*Information provided*.

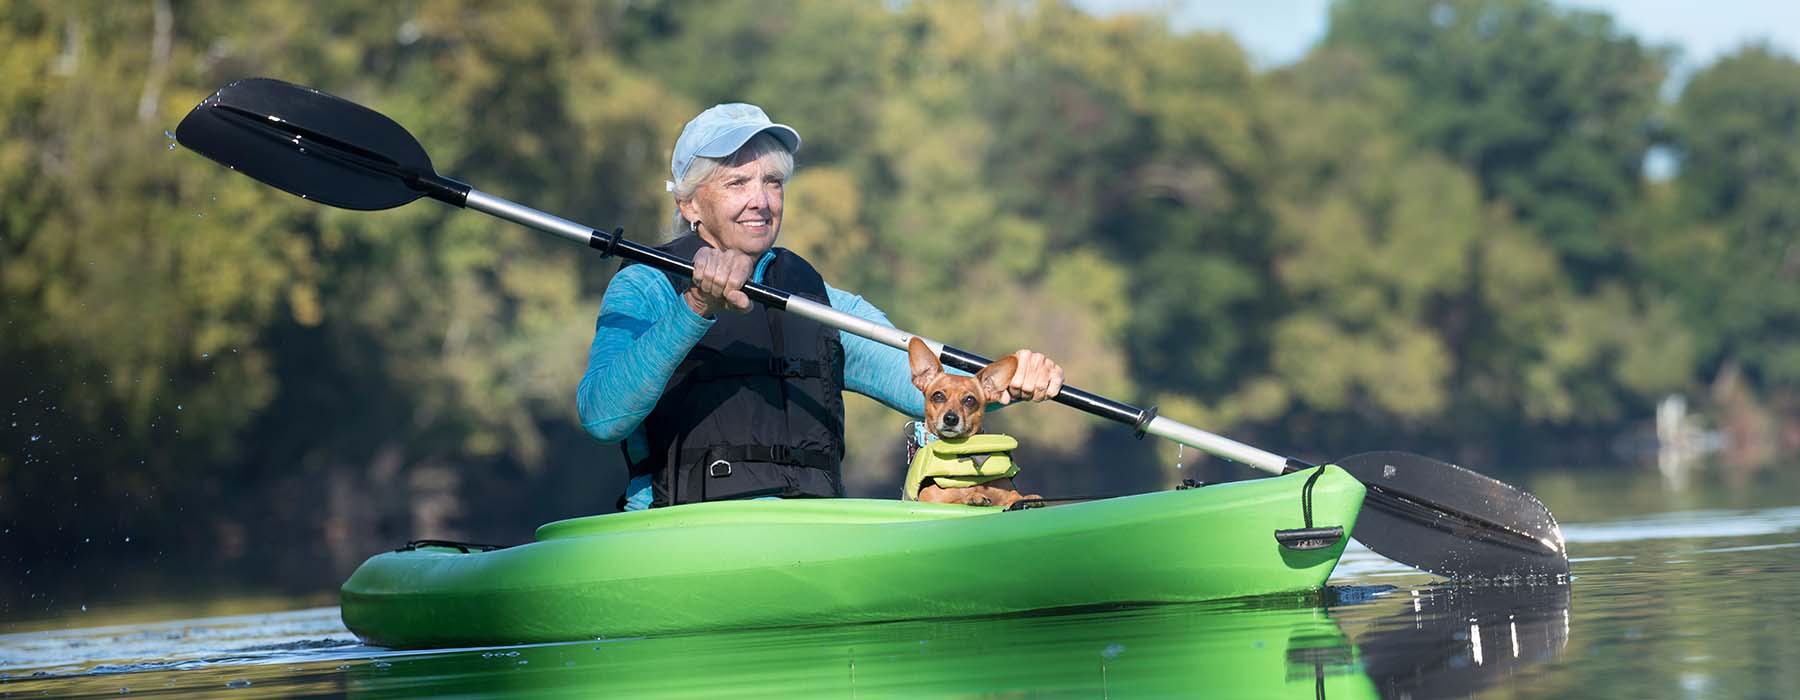 Senior Woman Kayaking with her Dog
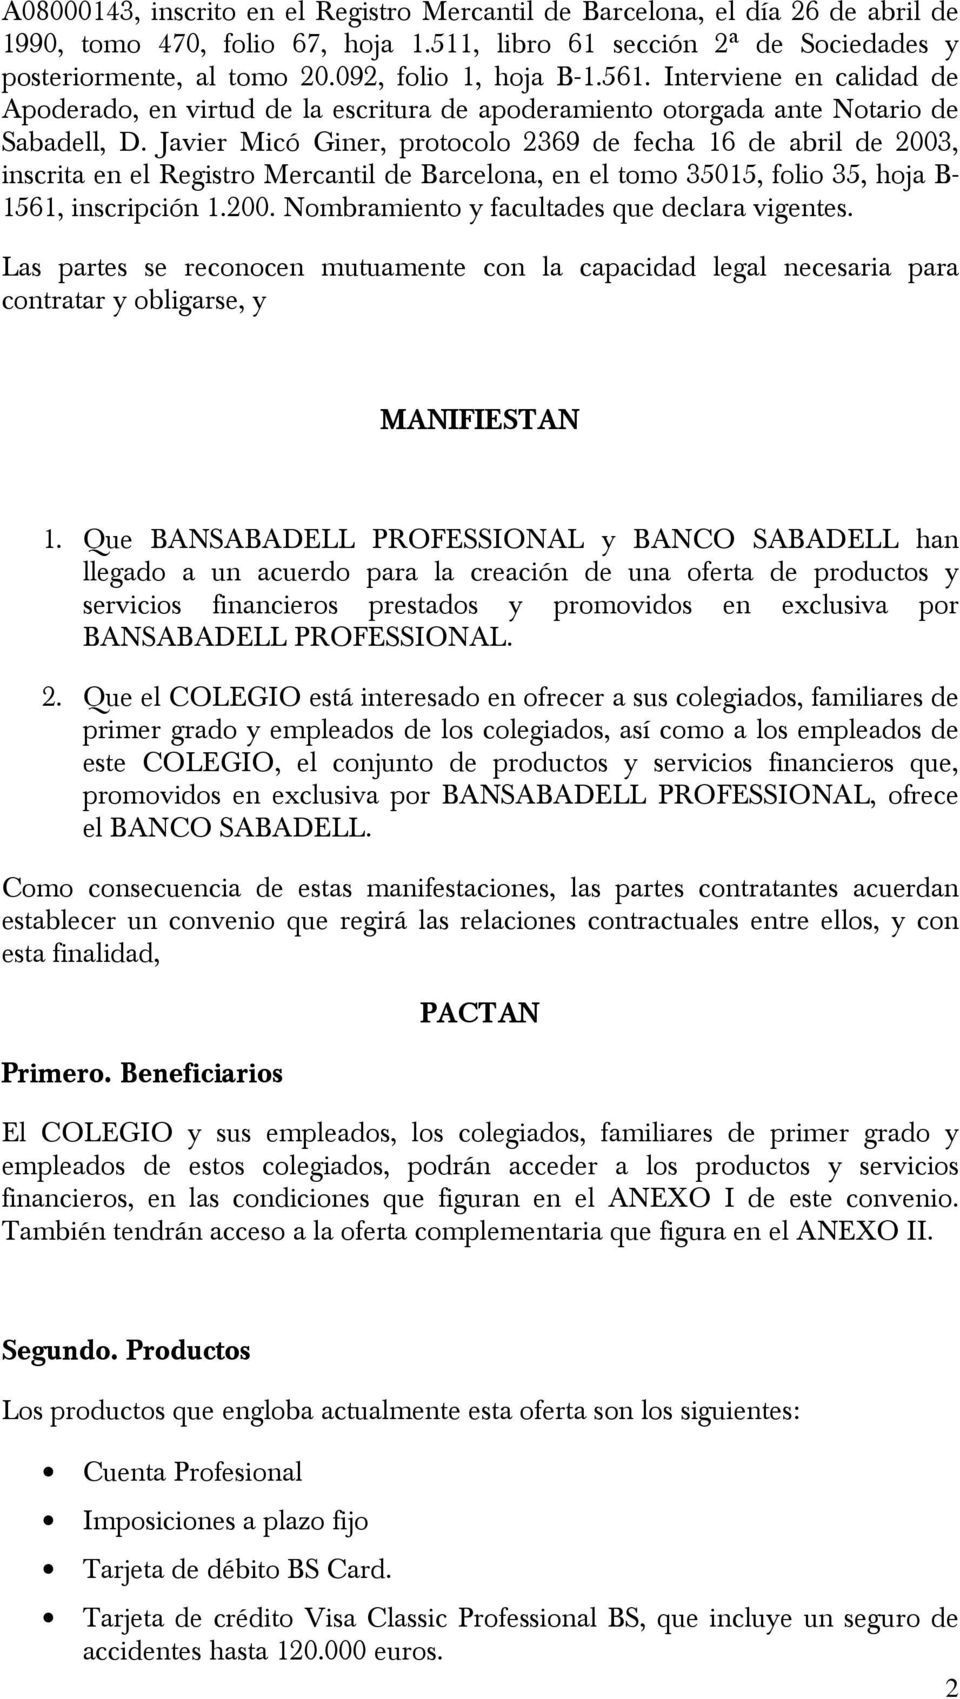 Javier Micó Giner, protocolo 2369 de fecha 16 de abril de 2003, inscrita en el Registro Mercantil de Barcelona, en el tomo 35015, folio 35, hoja B- 1561, inscripción 1.200. Nombramiento y facultades que declara vigentes.
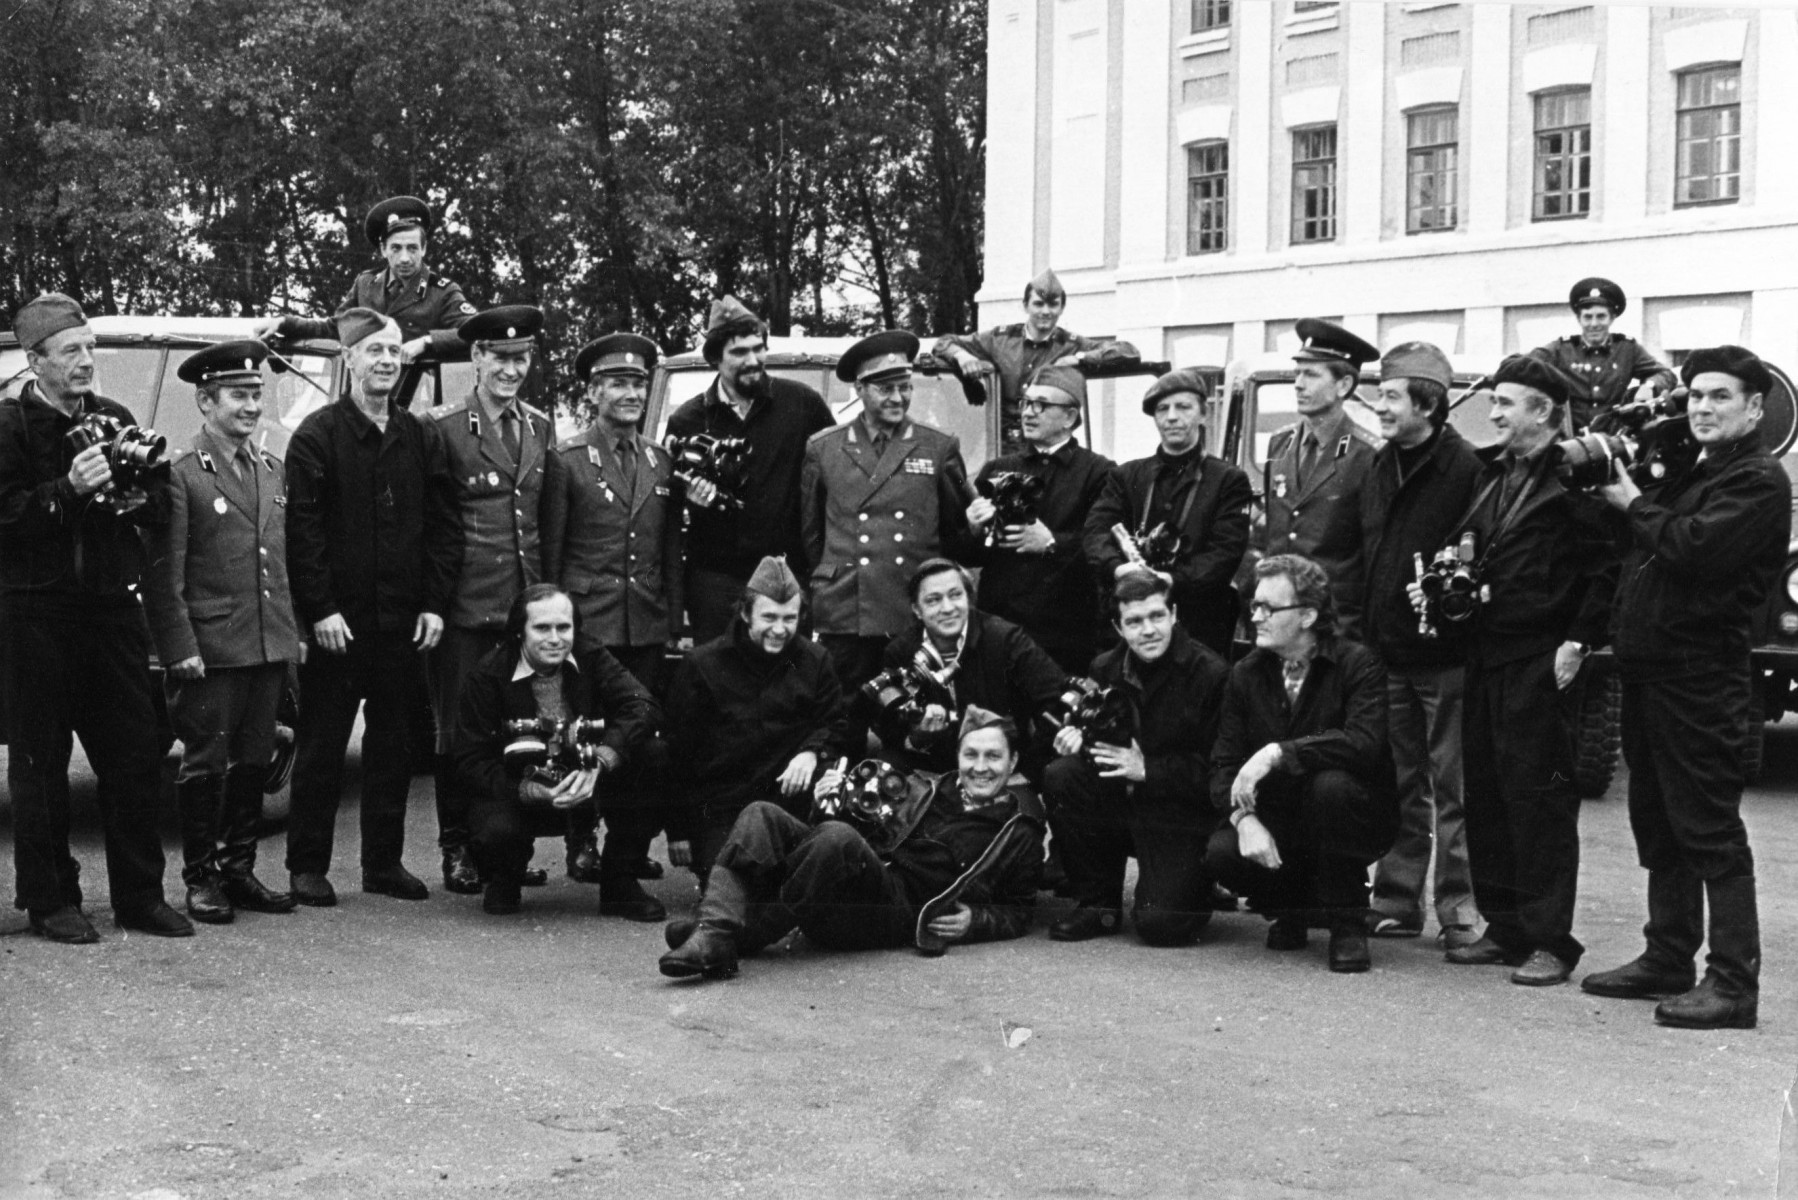 Съемочная группа ЦСДФ во время учений «Запад-81». Константин Дурнов с кинокамерой на первом плане (сидит третий слева). Август-сентябрь 1981 года. Фото из личного архива оператора Игоря Осипова.
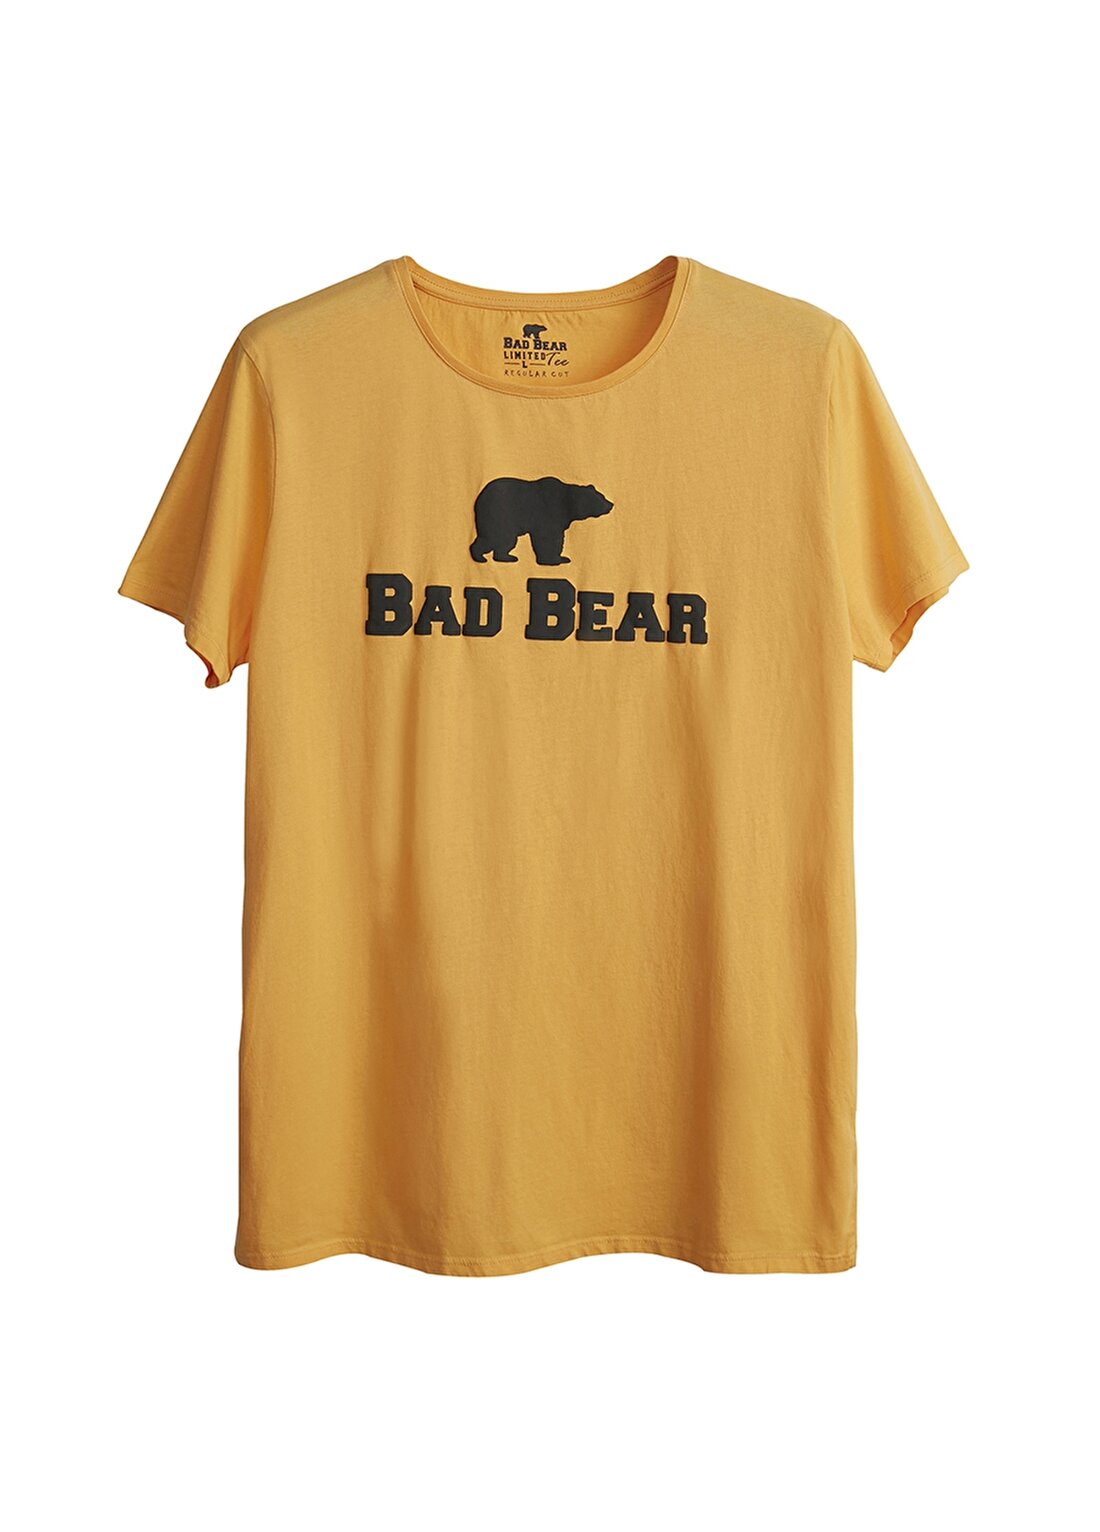 Bad Bear 19.01.07.002 Bad Bear Tee Hardal Erkek T-Shirt

*Exercise prompt*. Would you copy each line above exactly as given, dropping any images?

*Problem solution*.
 Senior Woman Kayaking with her Dog
 Javier Micó Giner, protocolo 2369 de fecha 16 de abril de 2003, inscrita en el Registro Mercantil de Barcelona, en el tomo 35015, folio 35, hoja B- 1561, inscripción 1.200. Nombramiento y facultades que declara vigentes.
 Съемочная группа ЦСДФ во время учений «Запад-81». Константин Дурнов с кинокамерой на первом плане (сидит третий слева). Август-сентябрь 1981 года. Фото из личного архива оператора Игоря Осипова.
 Bad Bear 19.01.07.002 Bad Bear Tee Hardal Erkek T-Shirt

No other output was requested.